Dana Kanze wins prestigious Academy of Management award

13 Aug 2019


Paper on gender bias in the start-up funding process wins Academy of Management Journal’s Best Article of the Year

 

People - Dana Kanze

Dana Kanze, Assistant Professor of Organisational Behaviour at London Business School, has just won the Academy of Management Journal’s Best Article of the Year award.

Dr Kanze was recognised for her 2018 paper, ‘We Ask Men to Win and Women Not to Lose: Closing the Gender Gap in Startup Funding’, which examined gender disadvantage in the start-up community.

While men are known to raise more start-up funding than women, the reasons for this phenomenon are yet underexplored.

Dr Kanze and her co-authors, Harvard Business School Professor Laura Huang, Stockholm School of Economics Professor Mark A. Conley and Columbia Professor E. Tory Higgins, examined how the types of questions asked of female and male entrepreneurs by investors influenced the level of funding these entrepreneurs received. Their investigation found that promotion-focussed questions in the domain of gains such as, “How do you plan to acquire new customers?”, were generally put to male entrepreneurs by investors. In contrast, female entrepreneurs were typically asked prevention-focussed questions in the domain of losses such as, “How do you plan to retain your existing customers?"

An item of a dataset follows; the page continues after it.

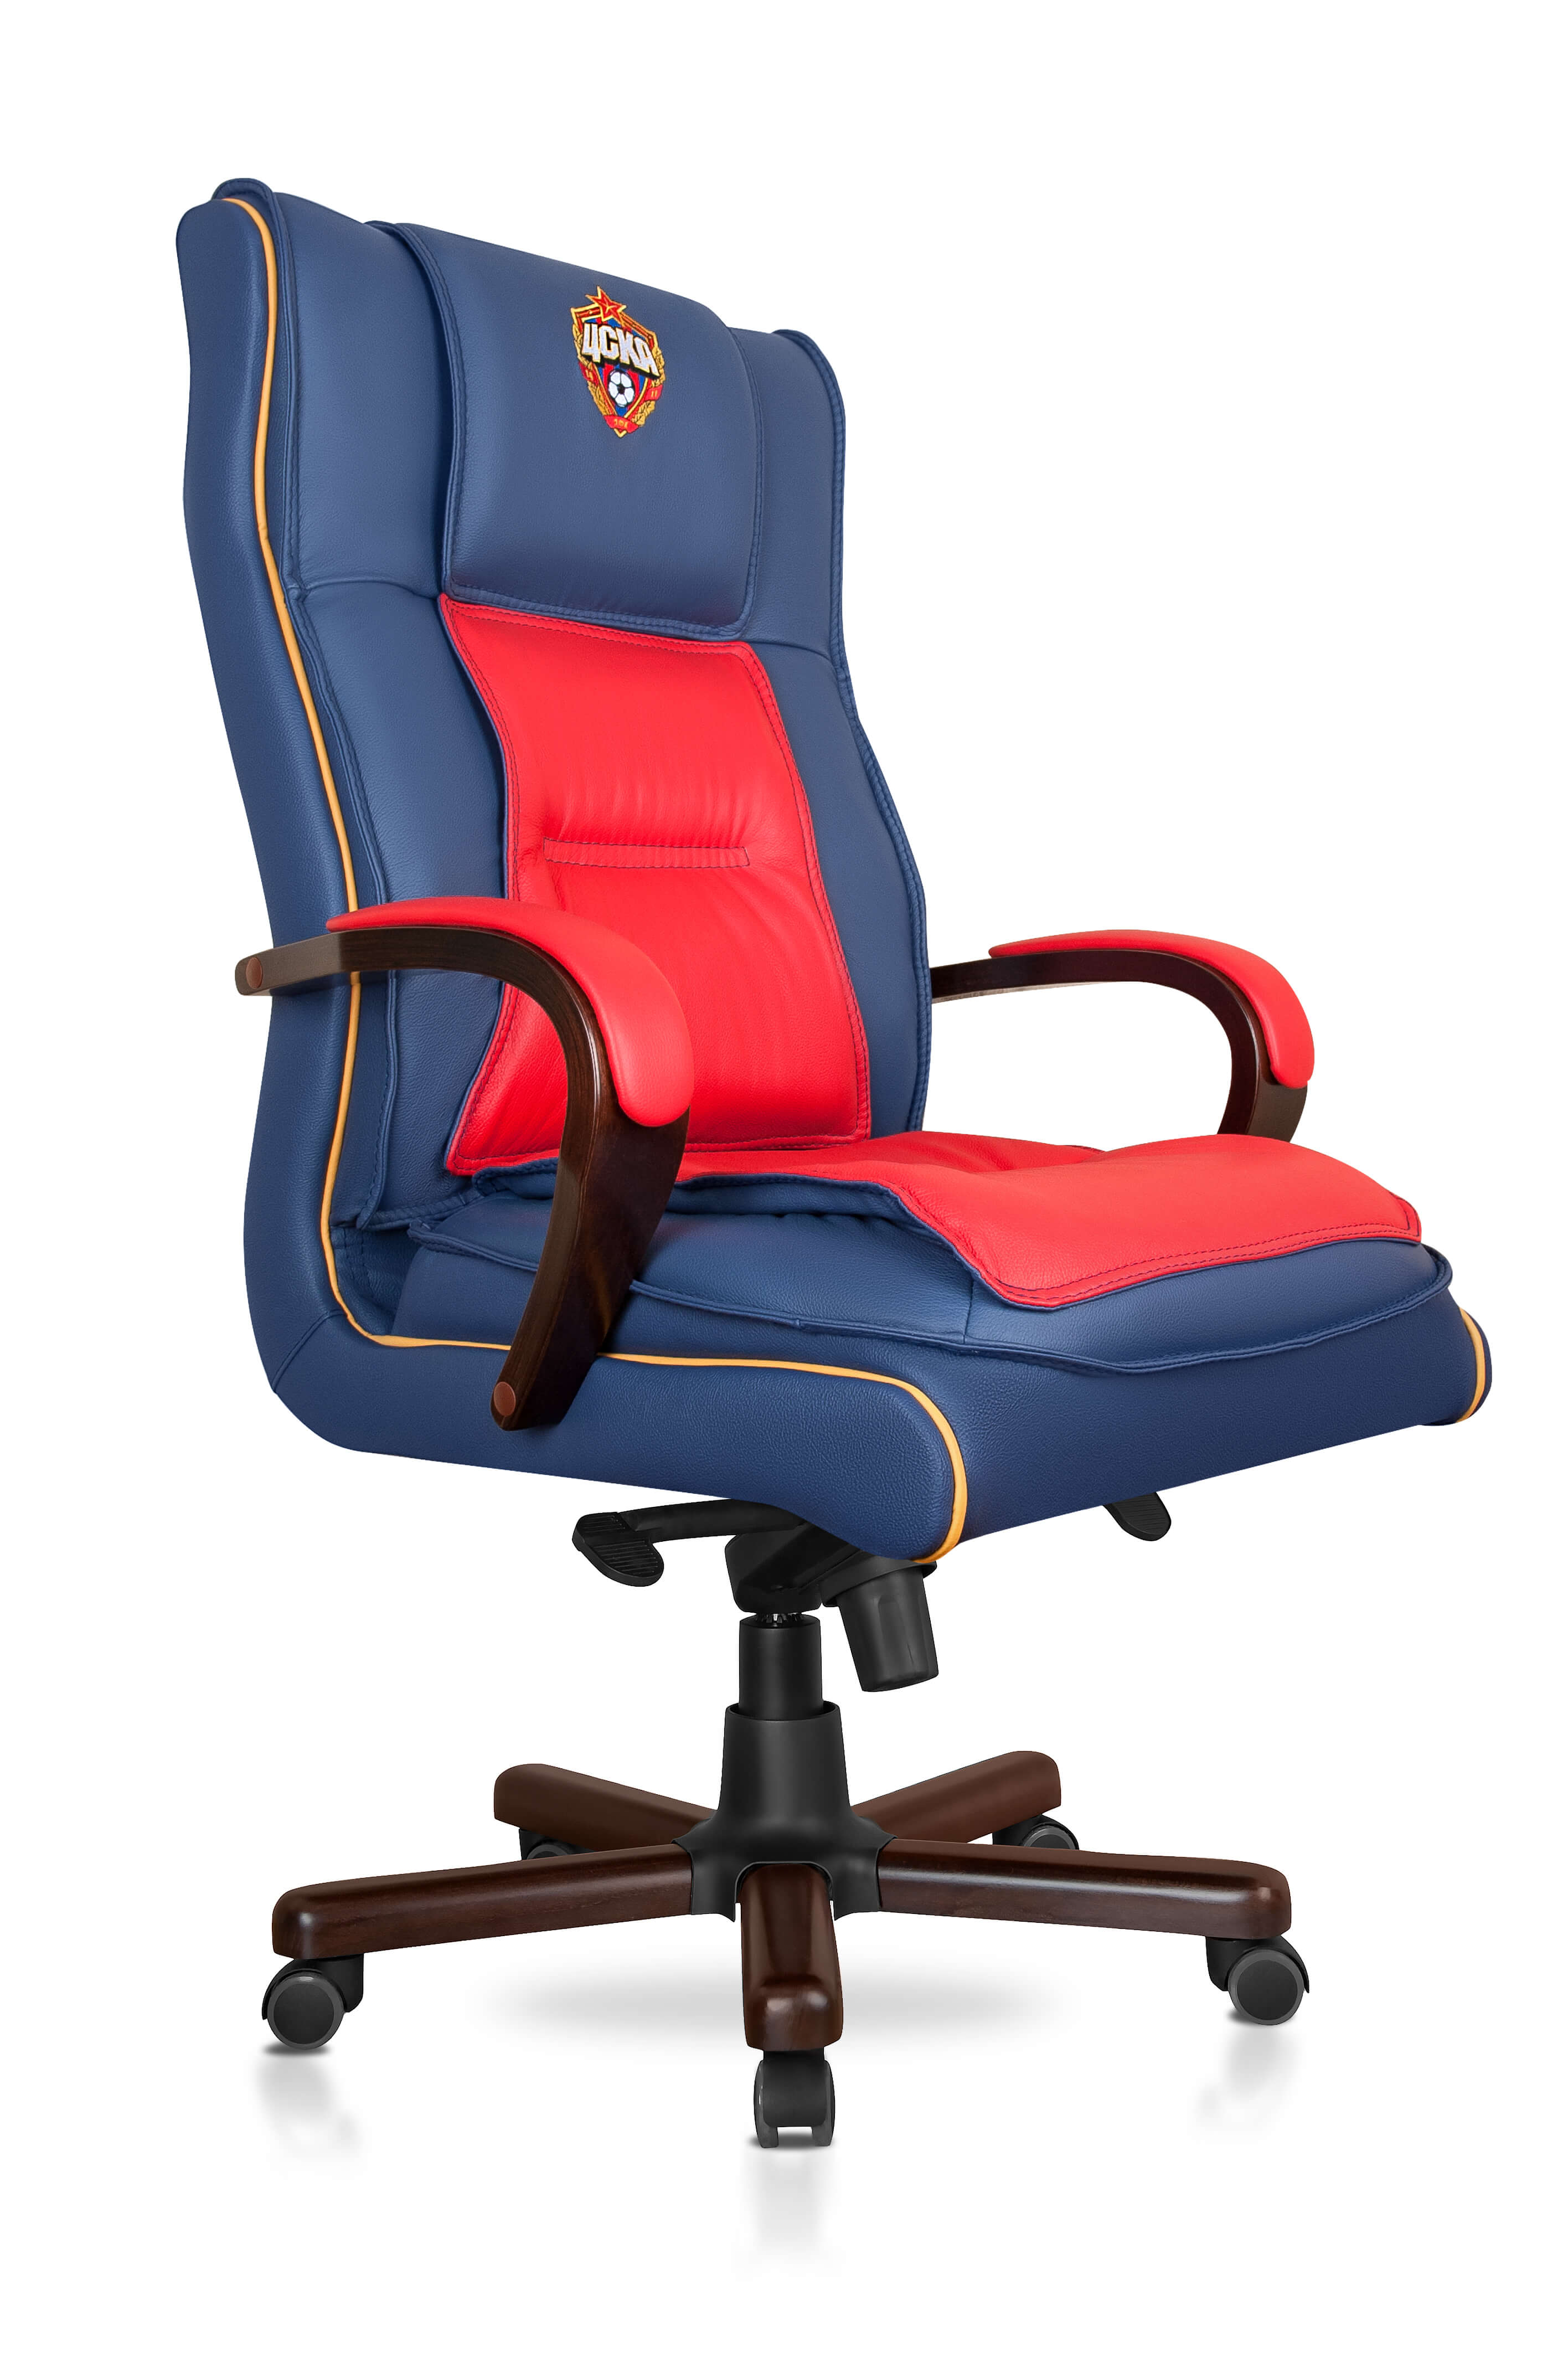 Кресло офисное красно-синее с эмблемой ПФК ЦСКА из натуральной кожи от Cskashop

The research determined that entrepreneurs who were asked promotion-focussed questions were able to raise significantly more capital than those who were asked prevention-focussed questions and that the effect was more pronounced with every additional prevention-focussed question posed. The authors also found that this effect could be countered if the entrepreneur answered prevention-focussed questions with promotion-focussed answers.

Dr Kanze said she hoped the recognition from the Academy of Management would help more female entrepreneurs to secure the start-up funding their ideas deserved.

“I am very excited about the potential for these findings to significantly improve the way start-ups are funded. There are so many accomplished women out there with innovative business ideas worthy of investment,” she said.

“By first and foremost making investors more mindful of the types of questions they ask women versus men and by educating entrepreneurs to respond to prevention-focussed questions more effectively, the playing field can be significantly levelled. This change in the landscape ultimately stands to benefit not only entrepreneurs, but investors as well.”